2011年7月2日 星期六

Laugh Lines

JAY LENO

As you know, Arnold Schwarzenegger has admitted that he fathered a child with his housekeeper. And, of course, now the kid is angry at his mother for lying to him, you know. She told him his father was an actor.

DAVID LETTERMAN

Ladies and gentlemen, hate to be the guy, and I’m sorry about this, but we have hit, the United States of America, has hit the debt ceiling. You know what that means? Neither do I.
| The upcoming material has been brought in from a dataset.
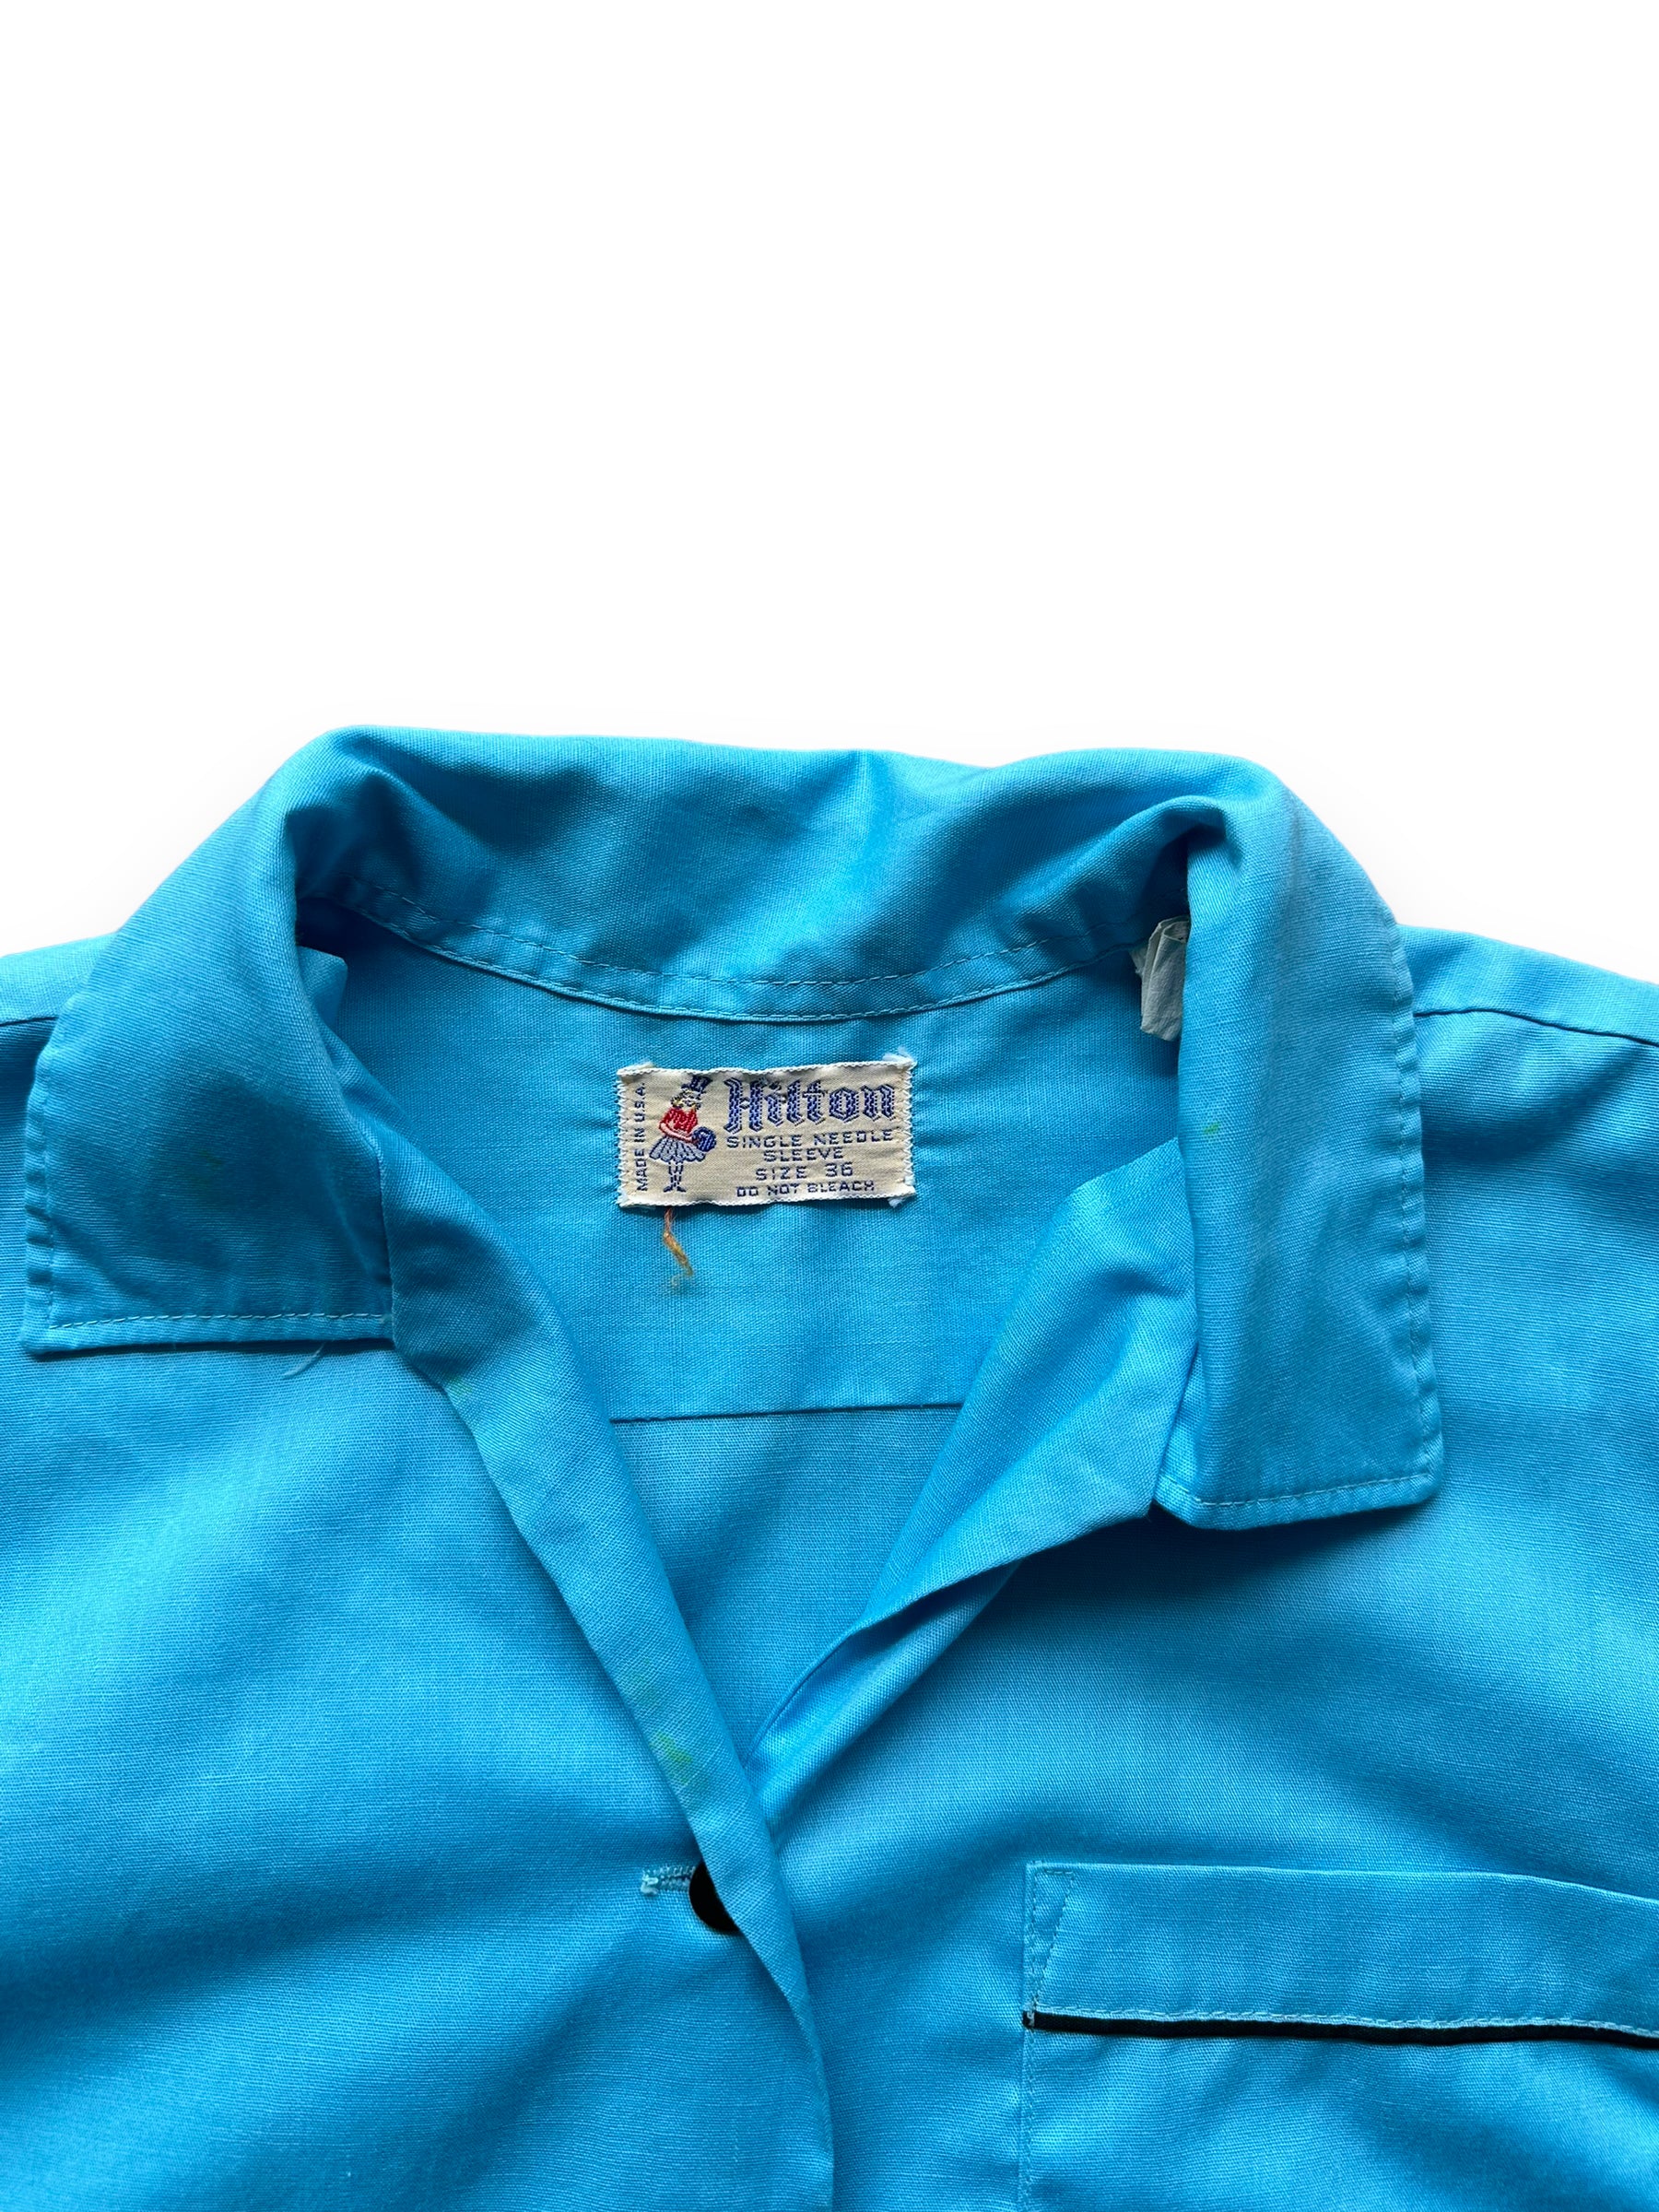 Collar close up of Vintage "Shoreline High" Chainstitched Bowling Shirt SZ 36 | Vintage Bowling Shirt Seattle | Barn Owl Vintage Seattle

Here’s fascinating news. Al Qaeda has a new leader, and experts are calling him a temporary leader, and so is Seal Team 6. His name is Saif al-Adel. He worked his way up from the mail bomb room.

CONAN O’BRIEN

In the last couple of days, both Mike Huckabee and Donald Trump announced they are not running for president. Huckabee’s announcement opens the door for Michele Bachmann and Rick Santorum, and Donald Trump’s announcement opens the door for Randy Quaid and Gary Busey. Look for them to be running soon.

The presidential race is getting exciting though. Ron Paul announced he’s running for president. And get this: he supports the legalization of prostitution and heroin. Now, I know he doesn’t have much of a chance but if he does win, one hell of a victory party.